What is needed: Once the pictures are set aside, transcribe each line of the data exactly.

Stored data:
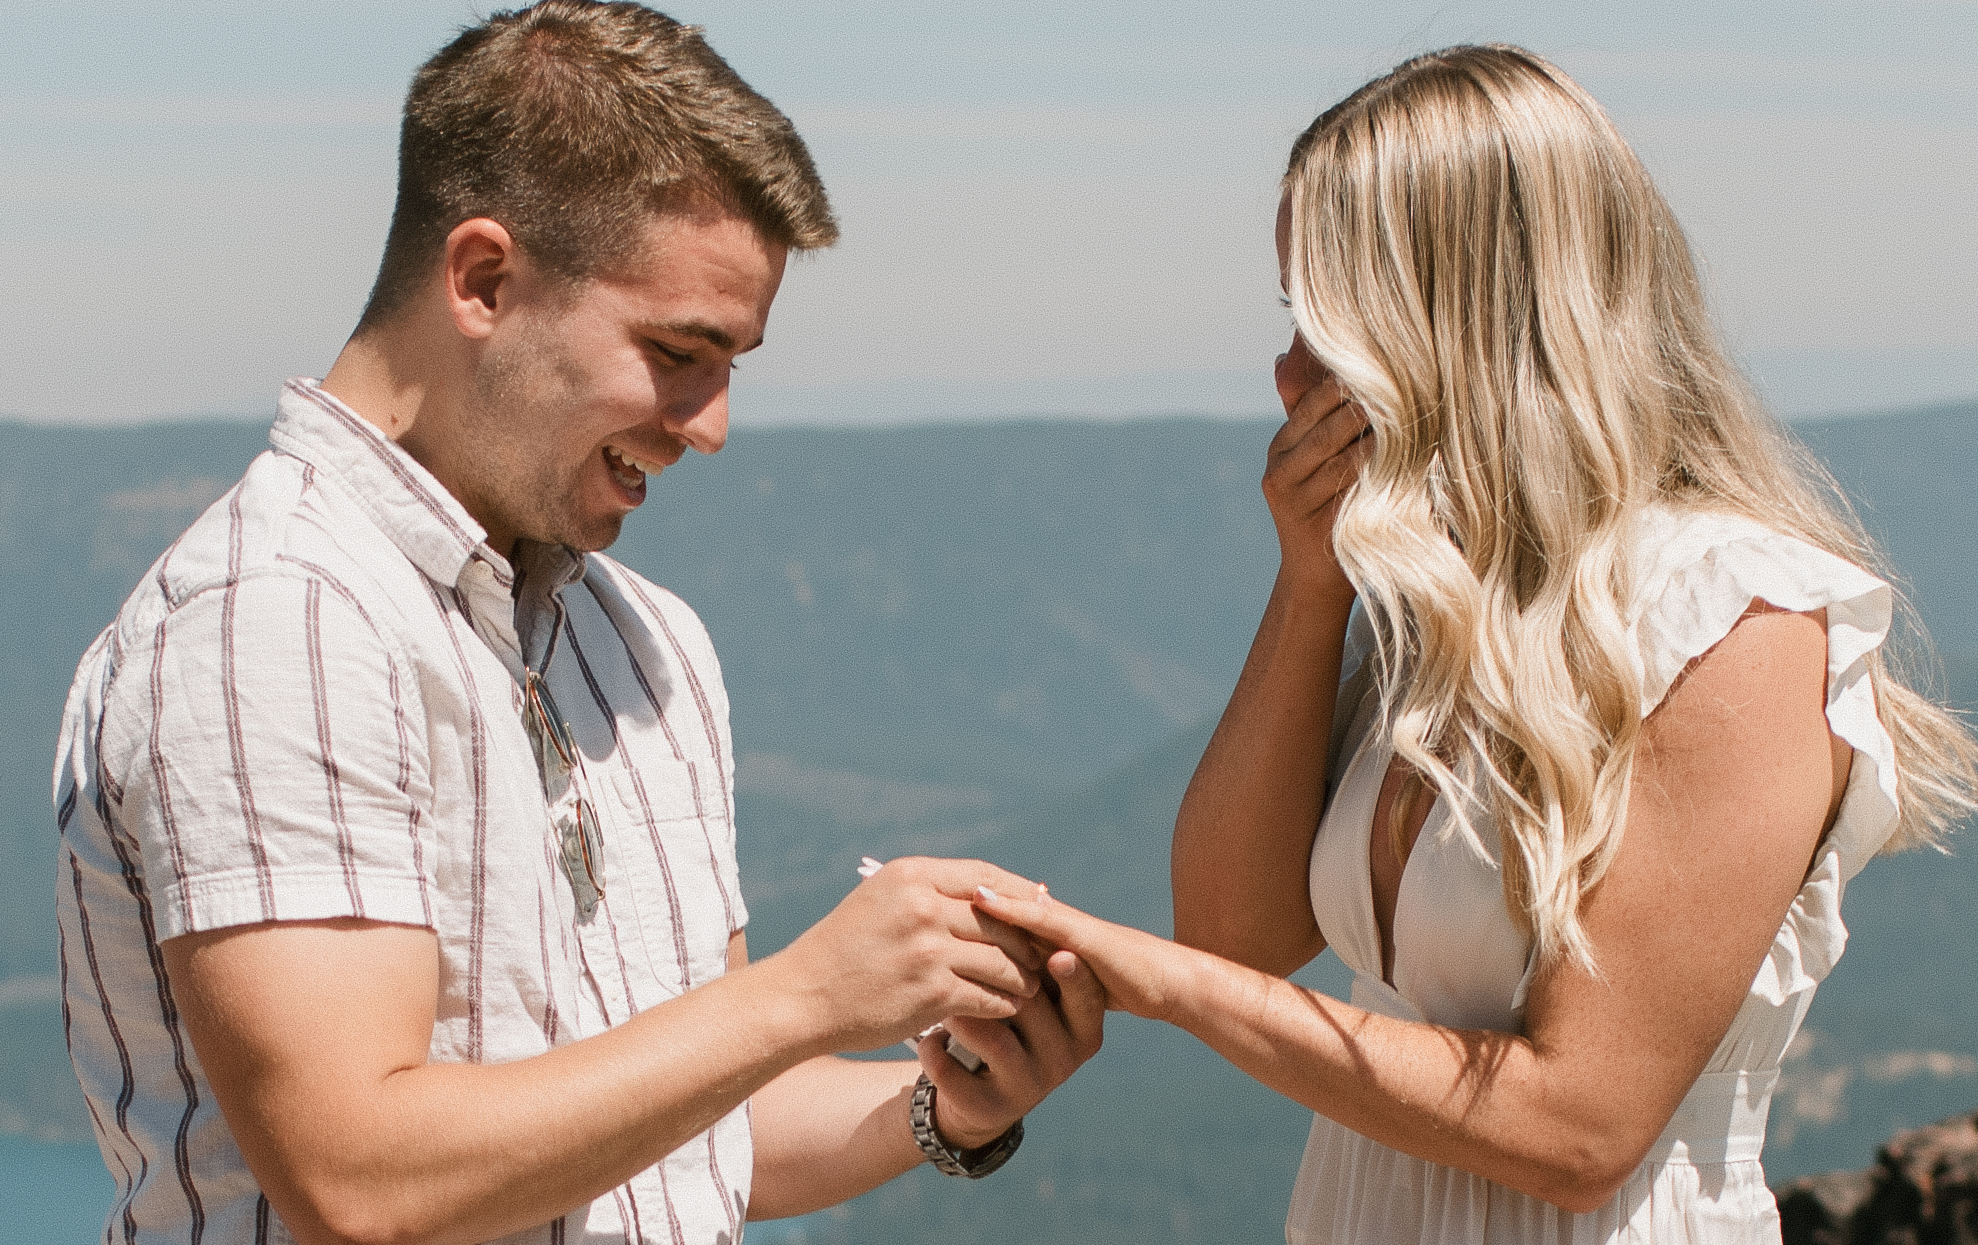 connor putting the ring on laura at oregon proposal
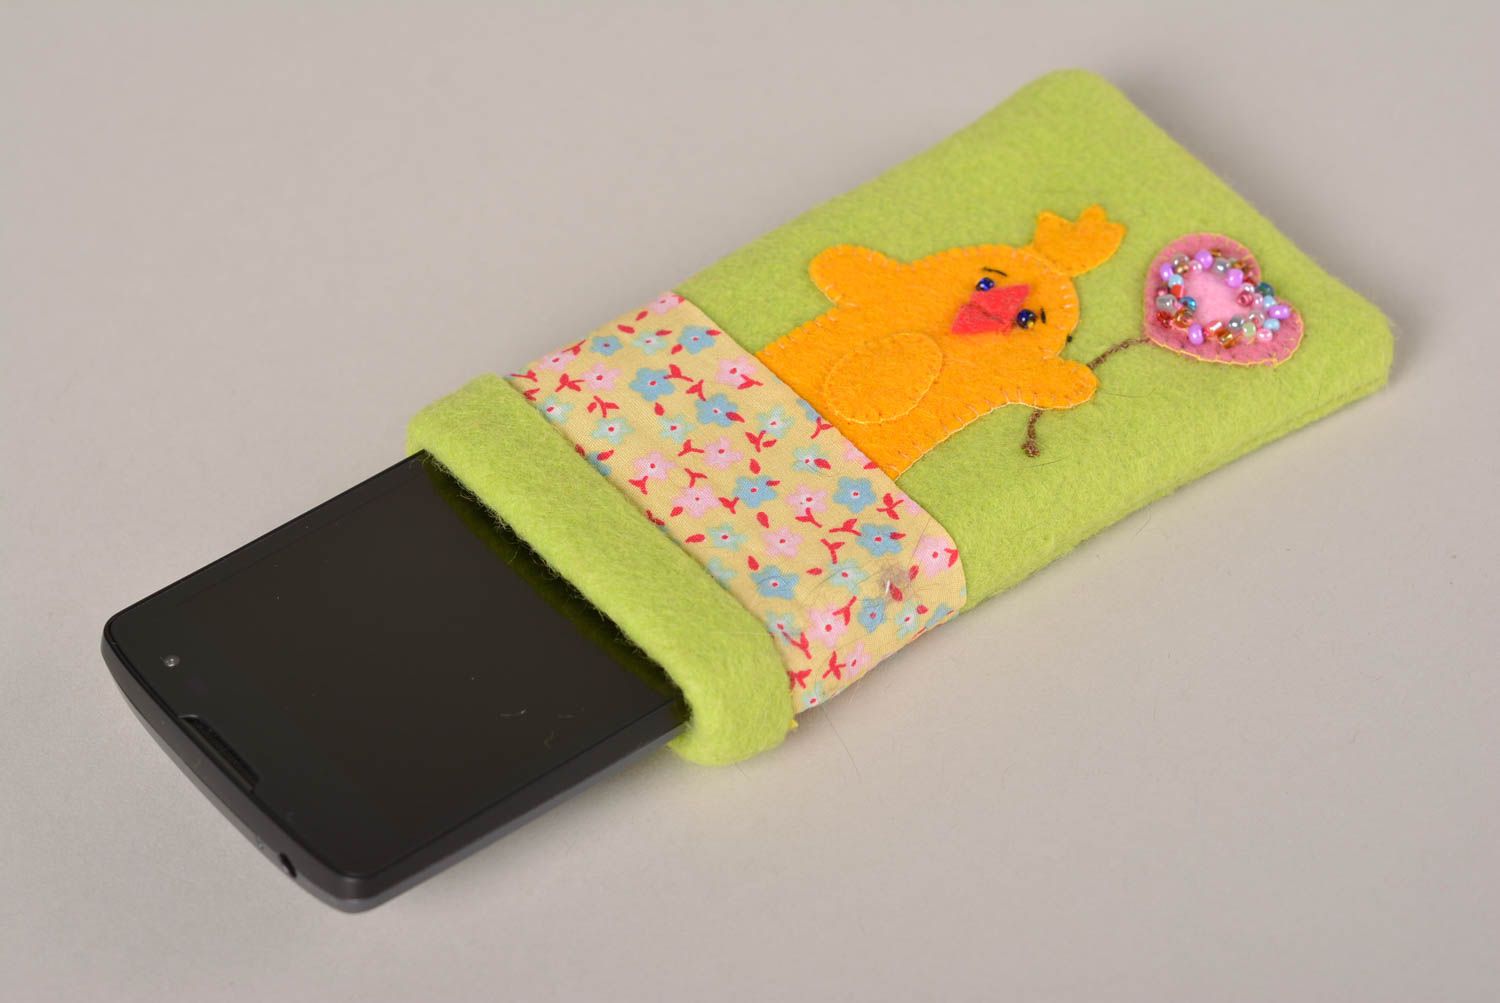 Unusual handmade felt phone case design fashion accessories for her small gifts photo 3
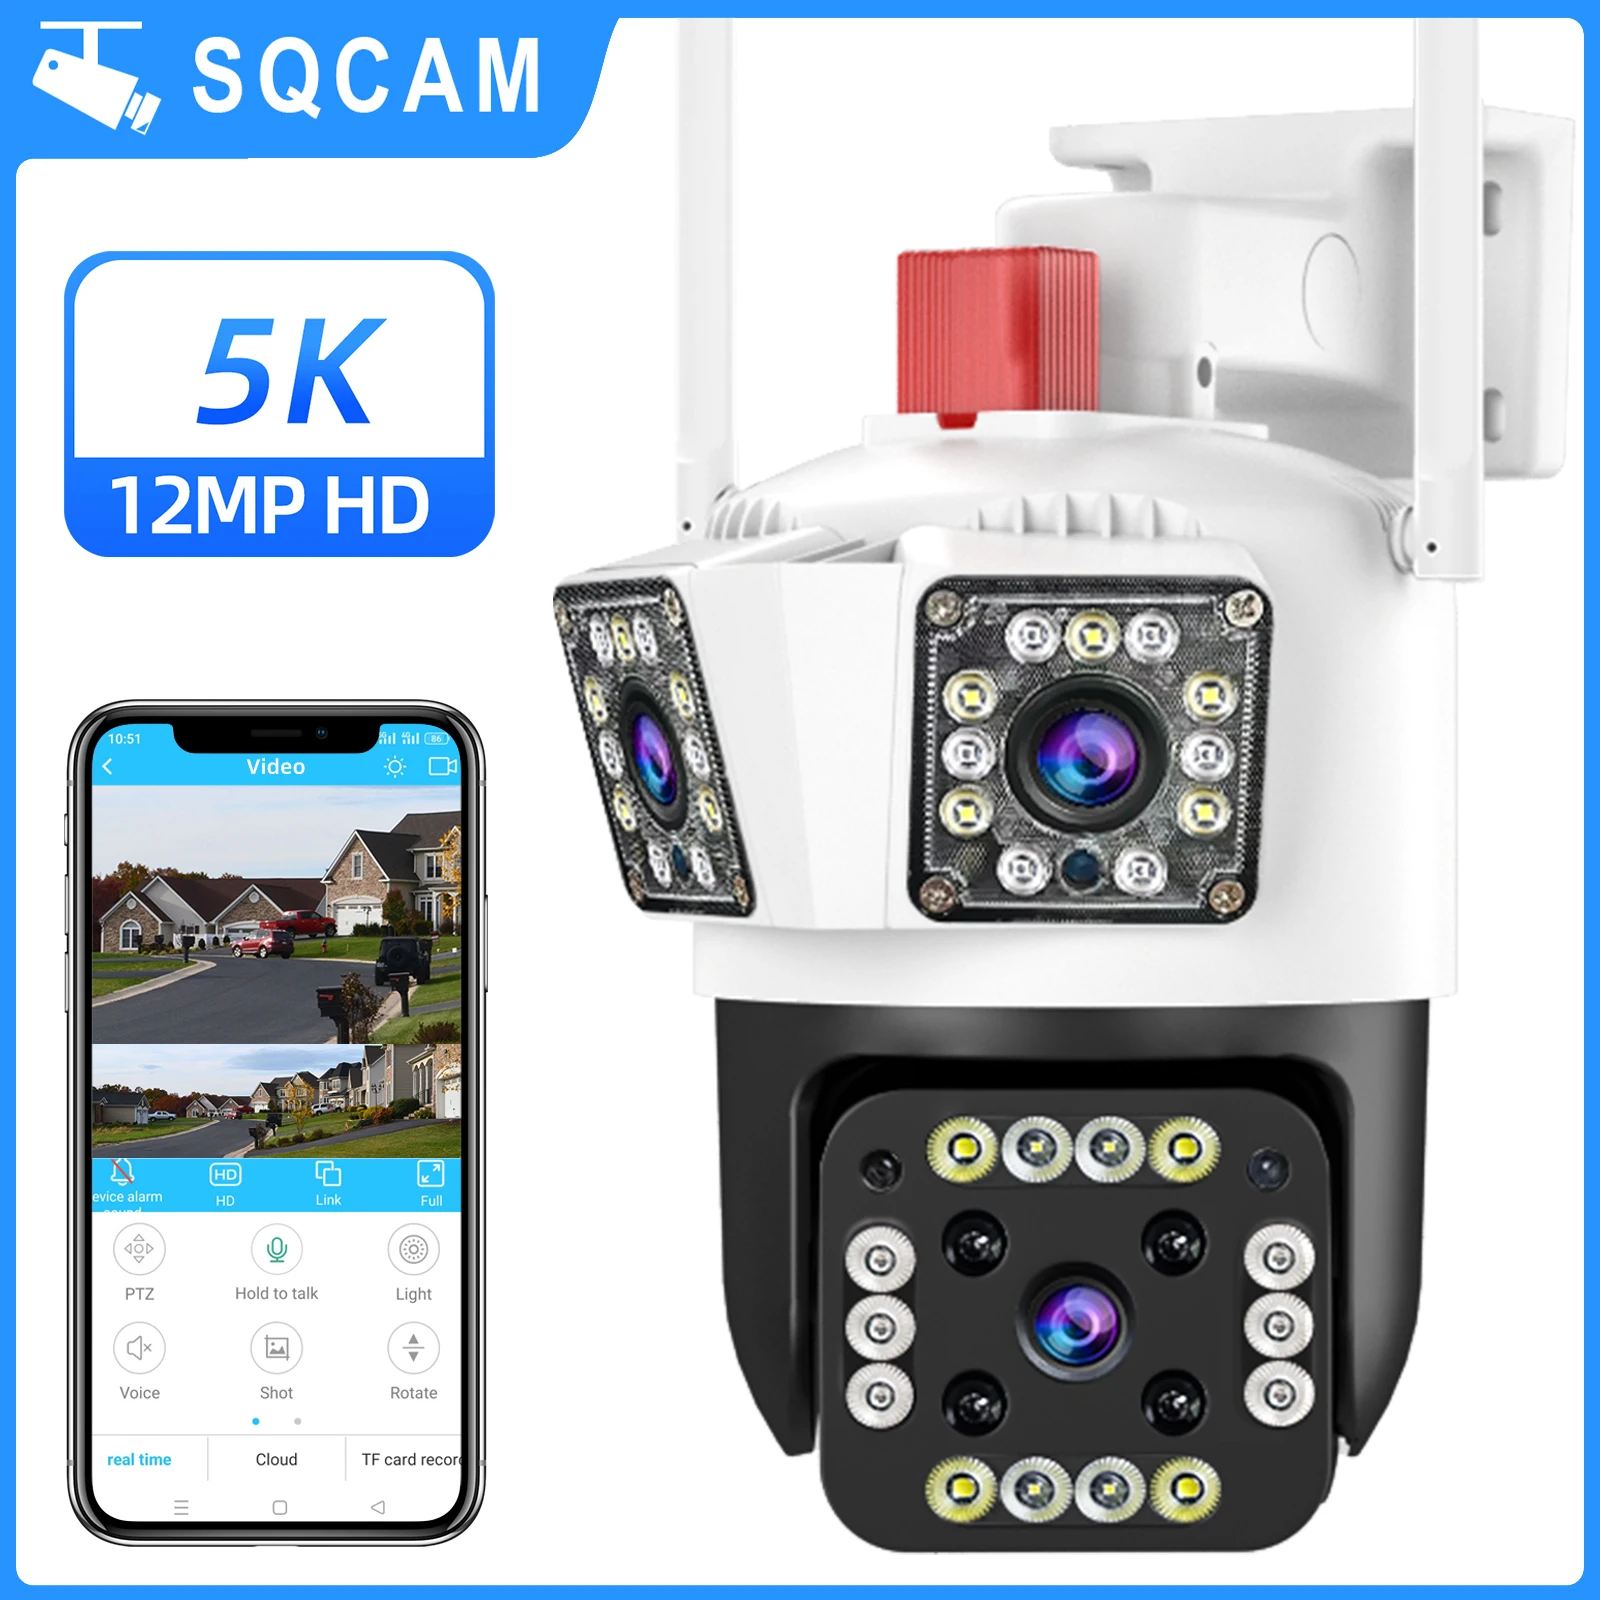 SQCAM Wifi IP Camera Surveillance 3 Lens Cameras Waterproof Security System Video 12MP HD For Outdoor Auto Tracking PTZ Cameras
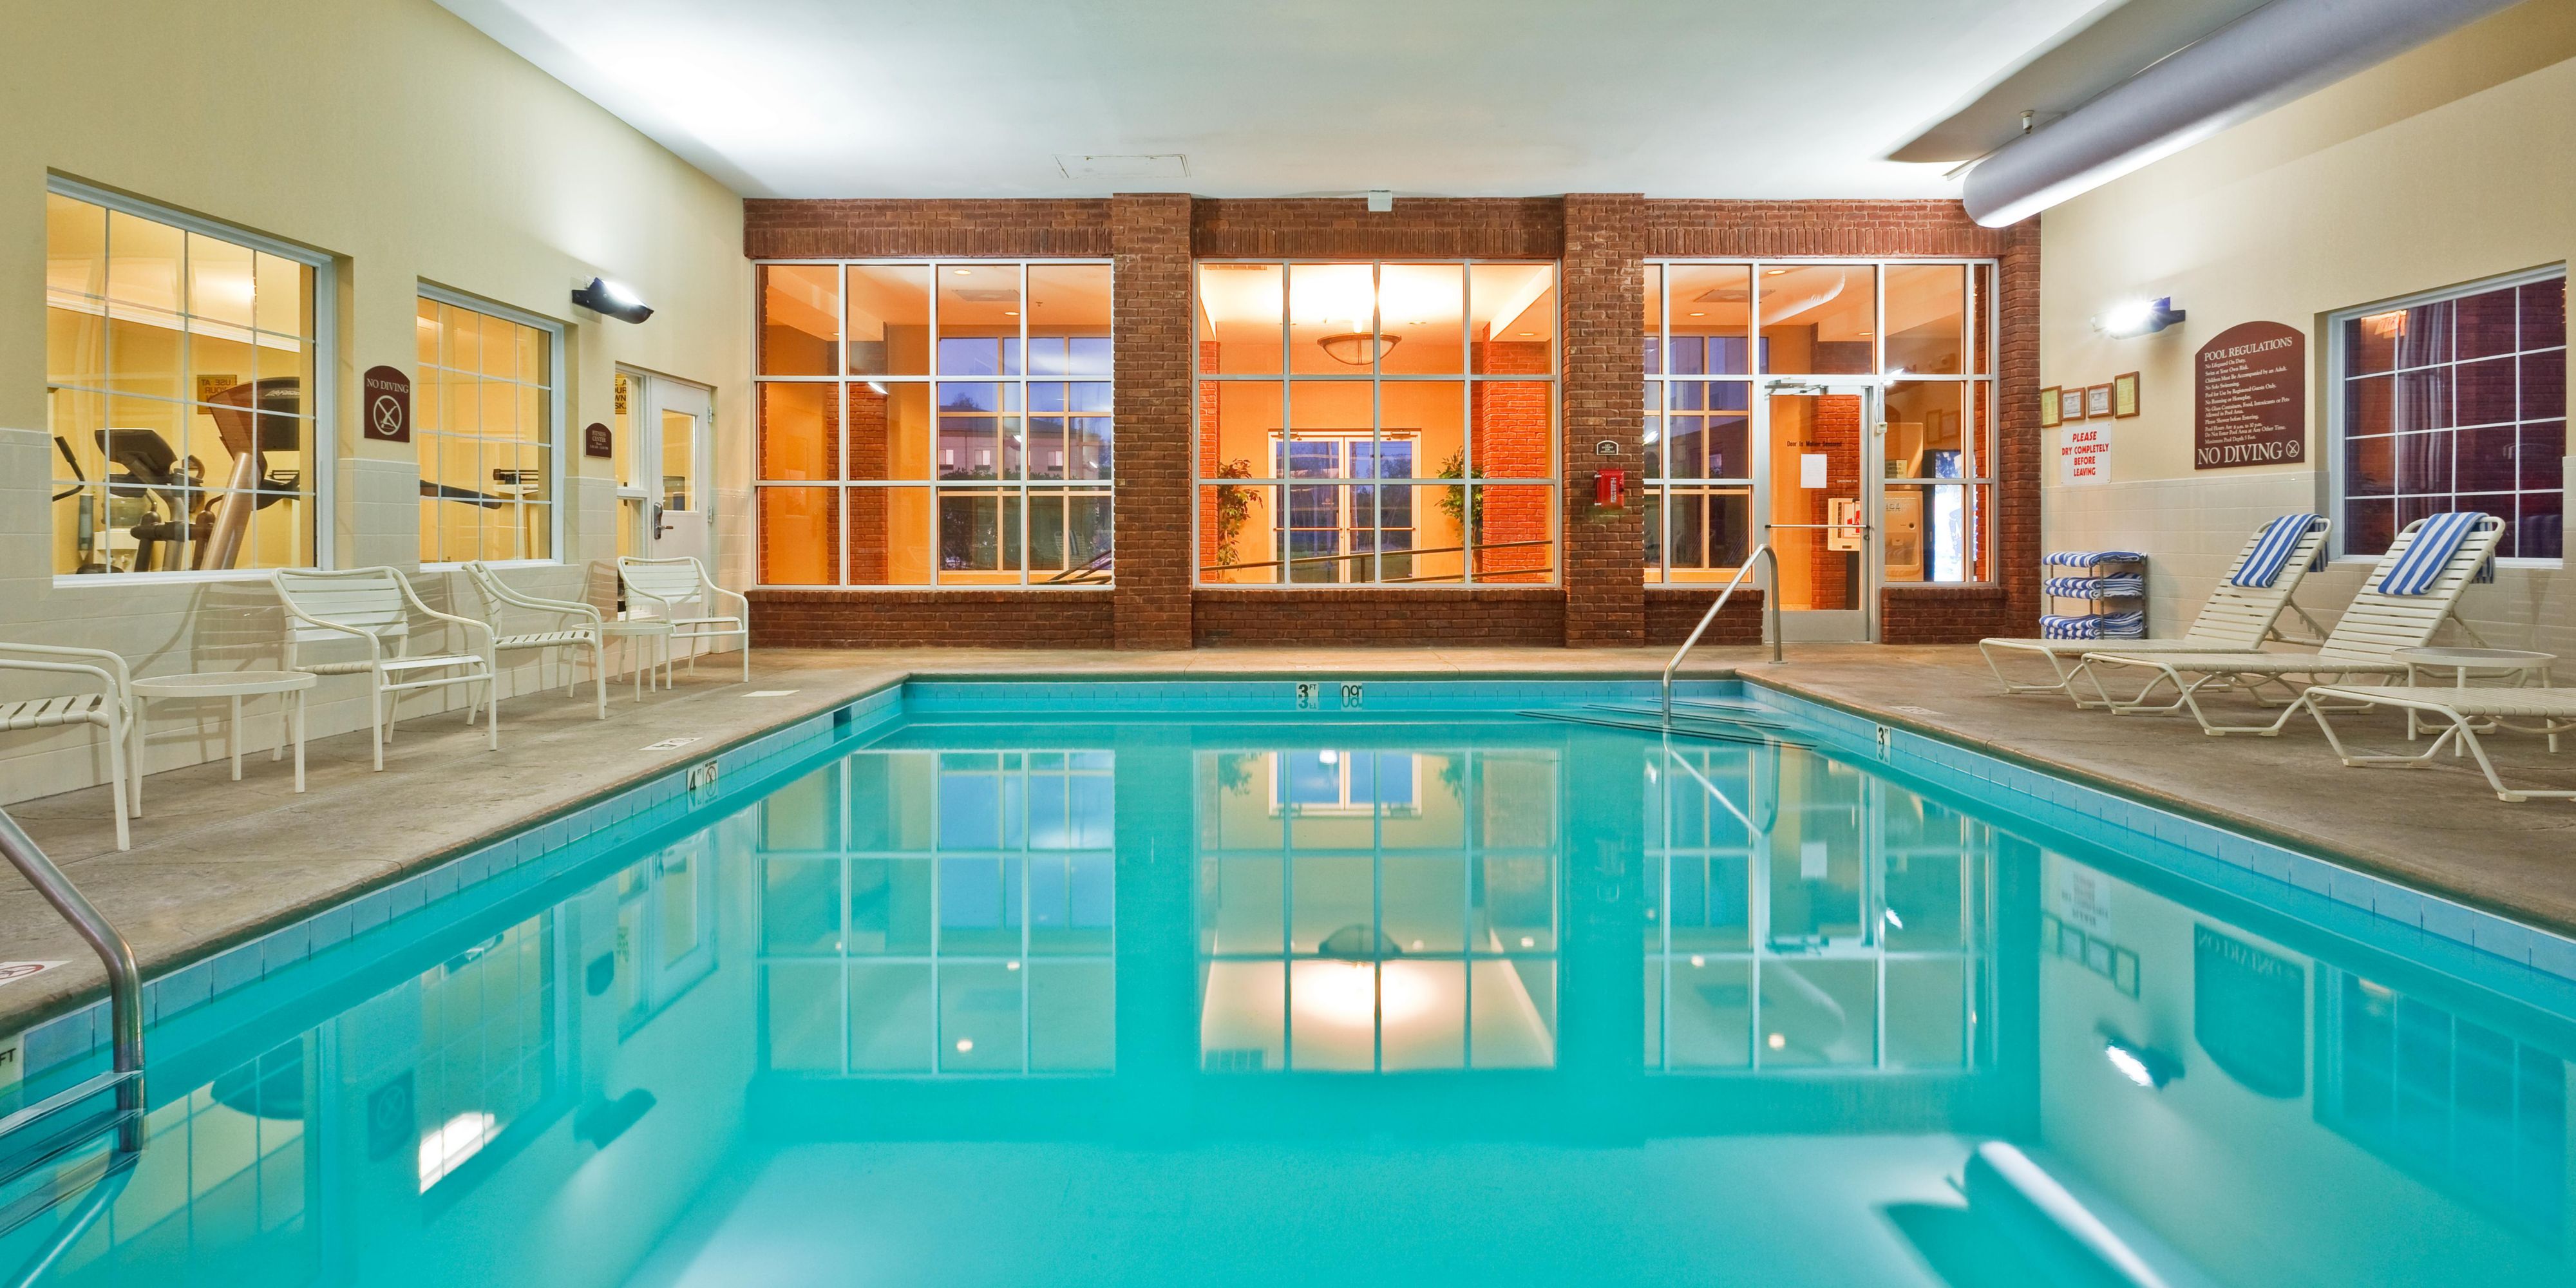 Our pool and fitness center are currently open, but we are limiting the capacity so we can socially distance.

Answer section:
 connor putting the ring on laura at oregon proposal
 Unusual handmade felt phone case design fashion accessories for her small gifts photo 3
 SQCAM Wifi IP Camera Surveillance 3 Lens Cameras Waterproof Security System Video 12MP HD For Outdoor Auto Tracking PTZ Cameras
 Our pool and fitness center are currently open, but we are limiting the capacity so we can socially distance.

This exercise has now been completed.